Вместе, нам удалось придать мне более приемлемое положение – теперь я не лежал, а почти что сидел, опирая на подложенные под спину подушки. Больно не было – видимо, обдолбали болеутоляющим, больно будет потом. Потому и голова как чумная…
– Докладывайте. Что происходит?
– Господин контр-адмирал, приказано эвакуировать весь гражданский персонал, всех русских. Десантники заняли аэропорт Мехрабад, основная зона эвакуации сейчас там, там приказано держаться. А мы отсюда вывозим тех, кто блокирован в зоне дипломатического квартала. Из города уже не прорваться.
– Что в городе? Вы держите периметр?
– Держим… пока. Армия – кто разбежался, большая часть на стороне этих… психов. Все как чумные. Только что докладывали – один обвязался взрывчаткой и на пост бросился… трое нижних чинов… безумие какое-то господин контр-адмирал, даже нижние чины жалуются – голова как чумная…
– Армия взбунтовалась?
– В основном разбежалась… потом уже эти разбежавшиеся в банды влились. У меня мало информации господин контр-адмирал, мы не проводим разведку, у нас задача – вывезти всех отсюда к чертовой матери… потом разбираться будем.
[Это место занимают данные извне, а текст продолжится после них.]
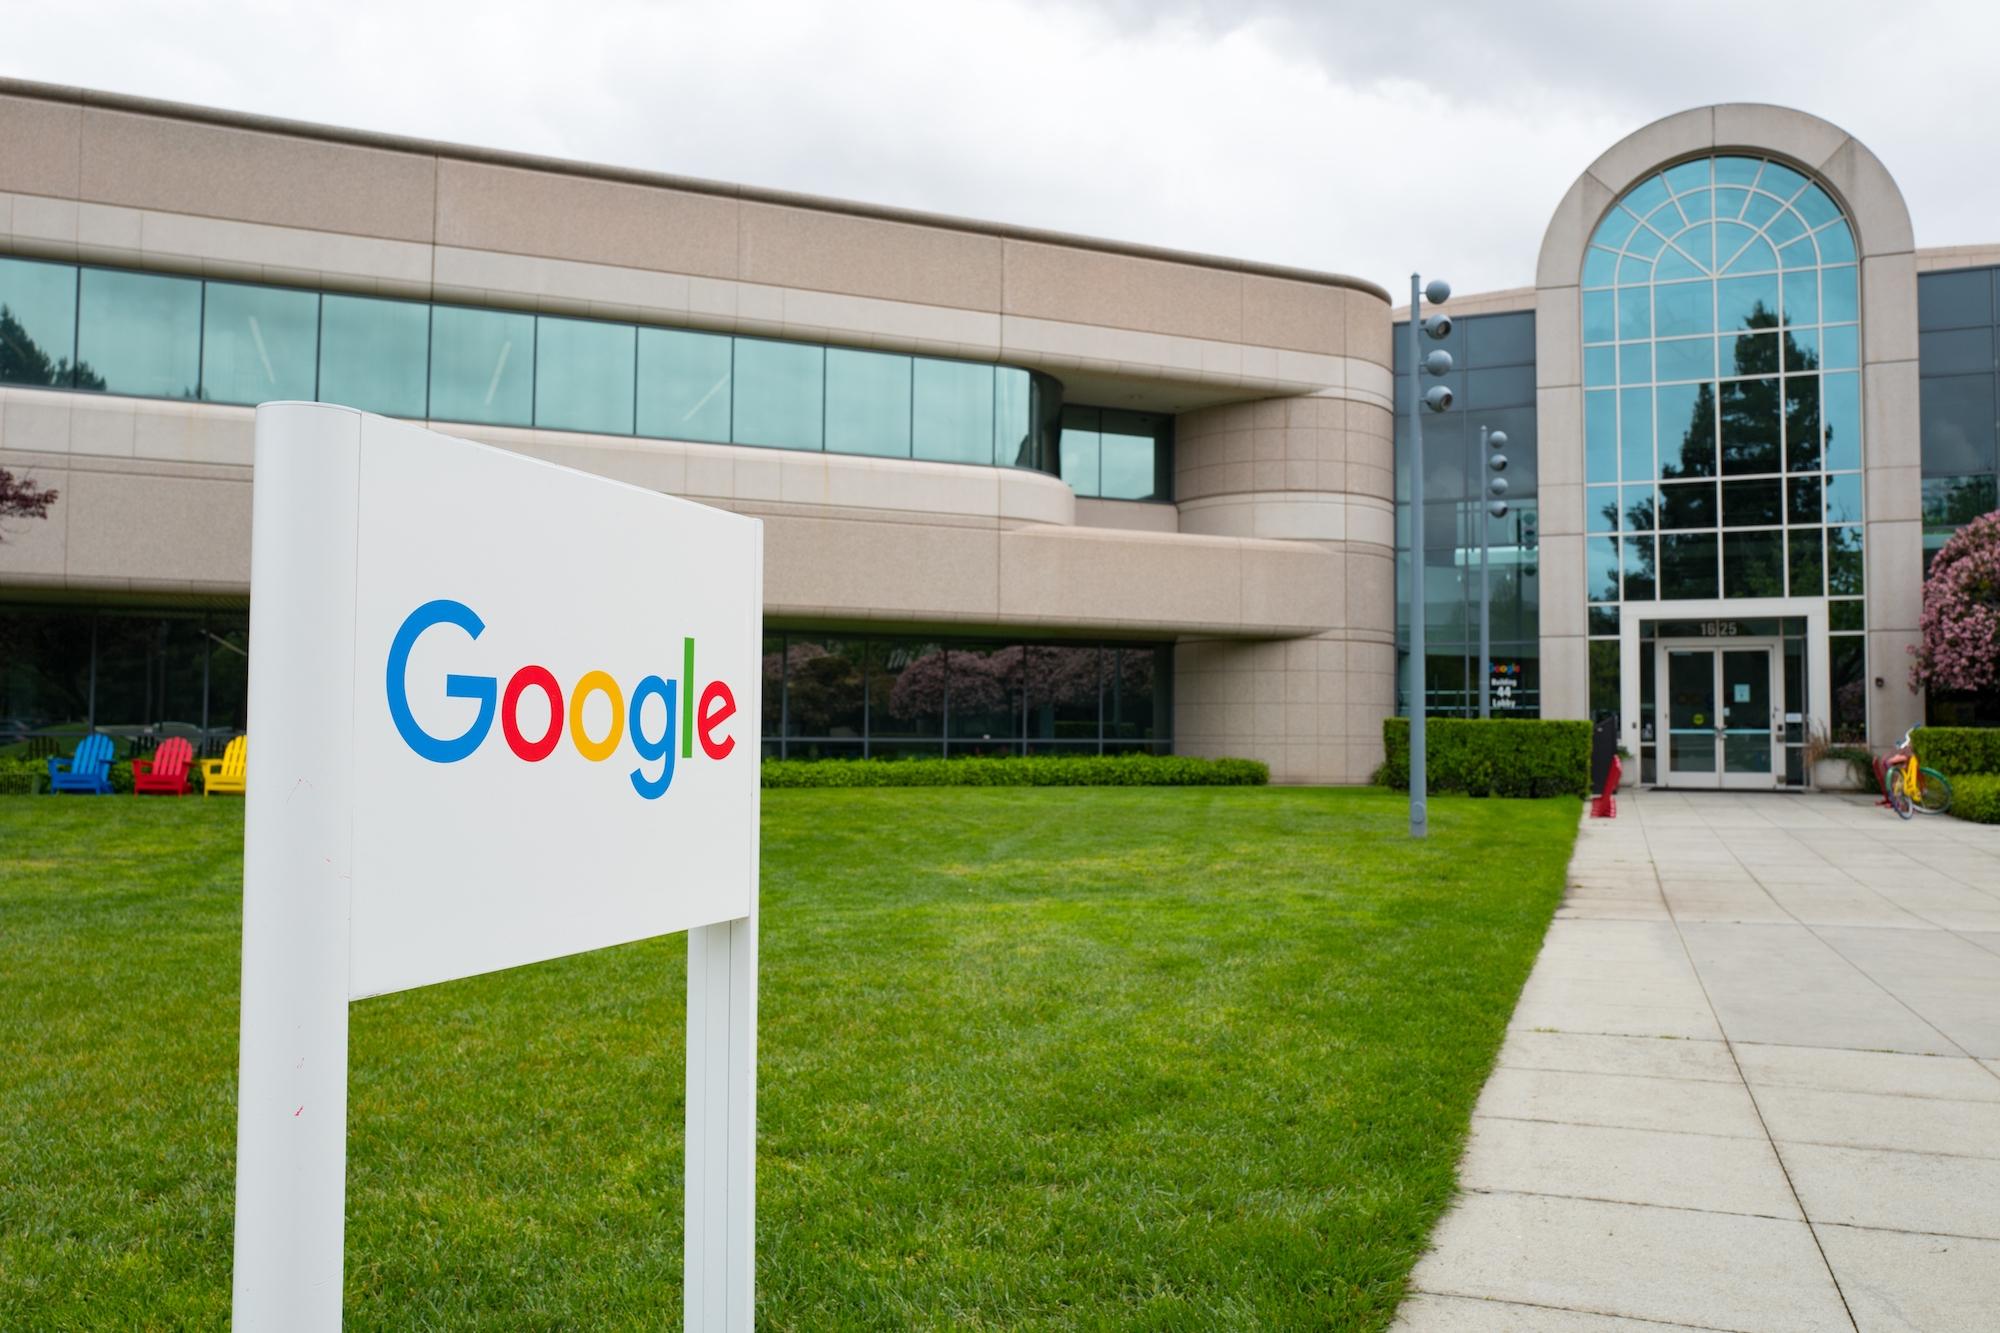 Employee's Anti-Diversity Manifesto Goes 'Internally Viral' at Google

– Что значит – нет разведки? Вы опрашиваете беженцев?
– Так точно, господин контр-адмирал, опрашиваем.
– И что?
Разговор наш прервался, в кабинет сунулся Варфоломей Петрович, с гвардейцем, я заметил, как майор инстинктивно положил руку на рукоять пистолета. Нервы у всех были на взводе.
– Заходите! За столом пока подождите…
Что-то неладное делается. Сам не могу понять что – но что-то очень неладное. Конечно – сама по себе экстренная эвакуация посольства силами морской пехоты неладное дело – но все равно есть что-то еще.
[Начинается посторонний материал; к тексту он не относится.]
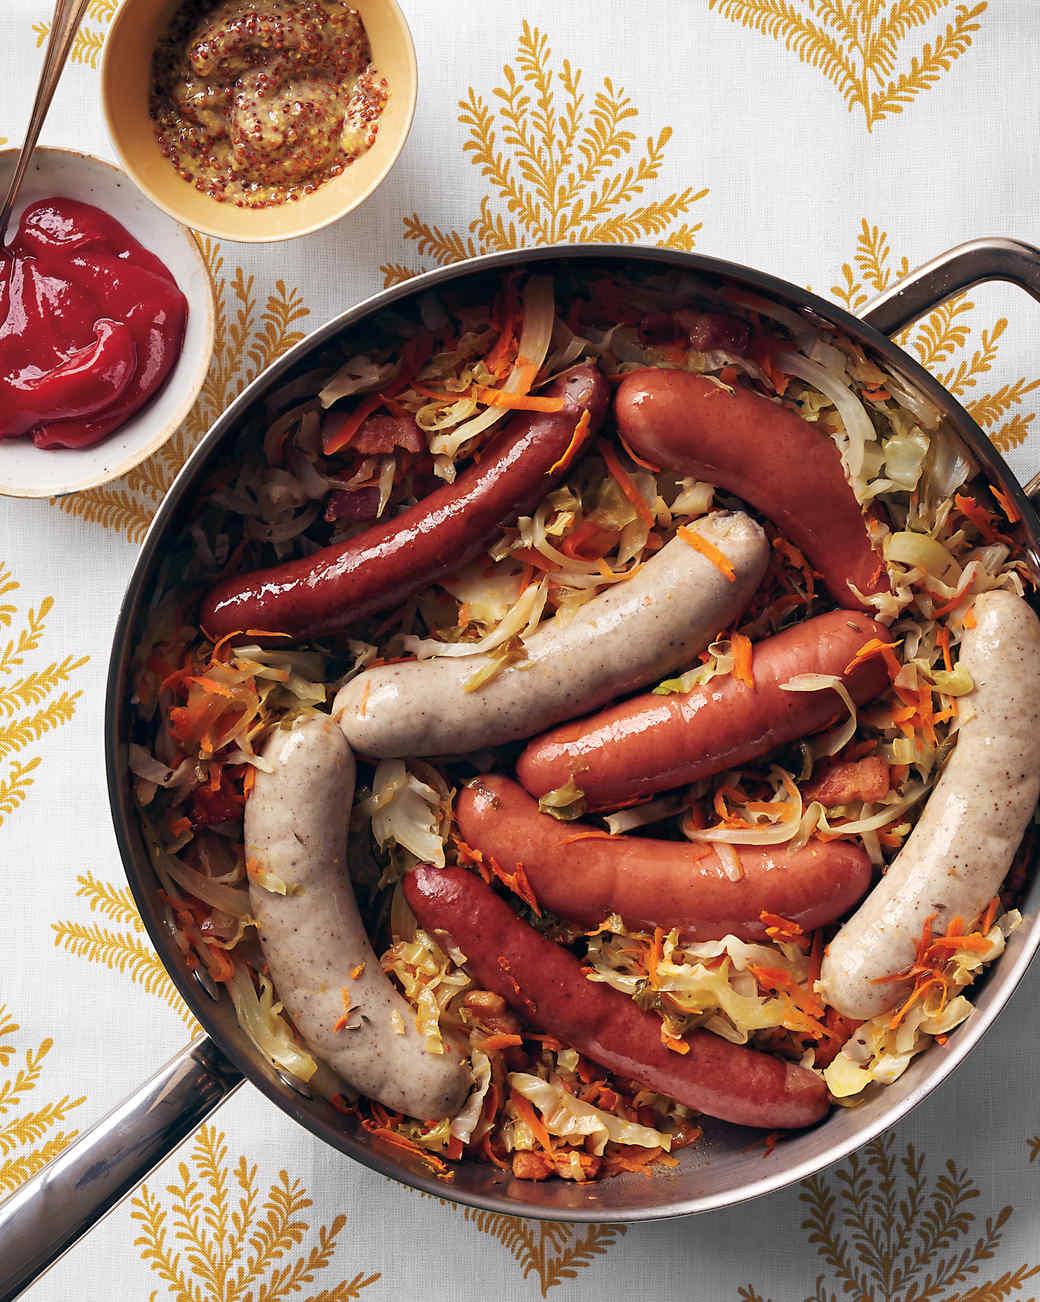 sausage-with-sauerkraut-and-bacon-066-d112221.jpg

Мысли путаются… Из-за ранения, что ли?
– Что говорят беженцы?
– Что все взбесились… вроде как. Жандармы друг в друга стреляли. Говорят, что тюрьму… не знаю как называется … строгого режима на окраине города то ли штурмом взяли, то ли заключенные взбунтовались… в общем выпустили всех, там несколько тысяч человек сидело, в основном политические, из заговорщиков. Арсенал разграбили, на руках оружия полно. Стреляют постоянно.
– Что с армией? Где советники, что с аппаратом военного советника?
– Не могу знать, господин контр-адмирал.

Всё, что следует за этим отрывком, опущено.